• ASSIGNMENT:
Starting at the line that holds "Serrure laiton." and stopping at the line that holds "Fender American Vintage", restate the records below word for word, with both of those lines included.

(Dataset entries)
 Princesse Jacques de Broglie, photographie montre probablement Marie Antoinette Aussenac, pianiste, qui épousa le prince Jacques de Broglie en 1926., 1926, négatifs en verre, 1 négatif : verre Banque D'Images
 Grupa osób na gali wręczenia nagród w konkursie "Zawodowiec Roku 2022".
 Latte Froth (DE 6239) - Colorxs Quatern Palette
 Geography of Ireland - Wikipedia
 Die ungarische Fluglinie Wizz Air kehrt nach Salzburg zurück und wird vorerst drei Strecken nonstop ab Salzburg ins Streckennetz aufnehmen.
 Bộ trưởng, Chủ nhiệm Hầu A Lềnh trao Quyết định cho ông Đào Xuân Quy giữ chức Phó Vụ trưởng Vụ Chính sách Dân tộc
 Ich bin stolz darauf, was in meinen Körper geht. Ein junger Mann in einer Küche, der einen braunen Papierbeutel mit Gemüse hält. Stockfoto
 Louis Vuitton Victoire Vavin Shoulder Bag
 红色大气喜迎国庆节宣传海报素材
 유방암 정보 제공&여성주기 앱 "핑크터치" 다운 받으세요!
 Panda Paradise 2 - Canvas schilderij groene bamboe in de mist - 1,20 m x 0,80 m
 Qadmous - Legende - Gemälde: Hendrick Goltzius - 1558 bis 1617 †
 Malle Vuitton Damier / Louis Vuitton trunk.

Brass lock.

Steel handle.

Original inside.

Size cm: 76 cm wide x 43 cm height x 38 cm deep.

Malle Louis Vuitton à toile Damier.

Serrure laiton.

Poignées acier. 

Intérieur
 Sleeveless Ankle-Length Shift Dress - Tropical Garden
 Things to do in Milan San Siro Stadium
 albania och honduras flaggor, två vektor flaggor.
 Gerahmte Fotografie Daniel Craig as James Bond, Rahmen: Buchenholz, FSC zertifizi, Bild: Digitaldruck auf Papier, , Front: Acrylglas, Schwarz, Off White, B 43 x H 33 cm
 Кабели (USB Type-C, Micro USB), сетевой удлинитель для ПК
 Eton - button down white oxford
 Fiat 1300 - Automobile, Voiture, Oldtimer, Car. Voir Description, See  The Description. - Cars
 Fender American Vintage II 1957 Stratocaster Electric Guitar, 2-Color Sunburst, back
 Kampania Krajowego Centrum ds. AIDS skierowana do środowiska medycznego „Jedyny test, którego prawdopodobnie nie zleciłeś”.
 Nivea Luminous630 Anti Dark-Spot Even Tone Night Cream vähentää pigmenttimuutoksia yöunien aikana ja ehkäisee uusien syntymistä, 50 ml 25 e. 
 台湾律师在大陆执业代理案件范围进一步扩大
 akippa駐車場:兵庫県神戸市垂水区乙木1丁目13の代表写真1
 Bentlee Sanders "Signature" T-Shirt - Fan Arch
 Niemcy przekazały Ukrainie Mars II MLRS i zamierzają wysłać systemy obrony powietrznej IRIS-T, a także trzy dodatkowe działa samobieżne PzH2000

• WRITTEN SOLUTION:
Serrure laiton.

Poignées acier. 

Intérieur
 Sleeveless Ankle-Length Shift Dress - Tropical Garden
 Things to do in Milan San Siro Stadium
 albania och honduras flaggor, två vektor flaggor.
 Gerahmte Fotografie Daniel Craig as James Bond, Rahmen: Buchenholz, FSC zertifizi, Bild: Digitaldruck auf Papier, , Front: Acrylglas, Schwarz, Off White, B 43 x H 33 cm
 Кабели (USB Type-C, Micro USB), сетевой удлинитель для ПК
 Eton - button down white oxford
 Fiat 1300 - Automobile, Voiture, Oldtimer, Car. Voir Description, See  The Description. - Cars
 Fender American Vintage II 1957 Stratocaster Electric Guitar, 2-Color Sunburst, back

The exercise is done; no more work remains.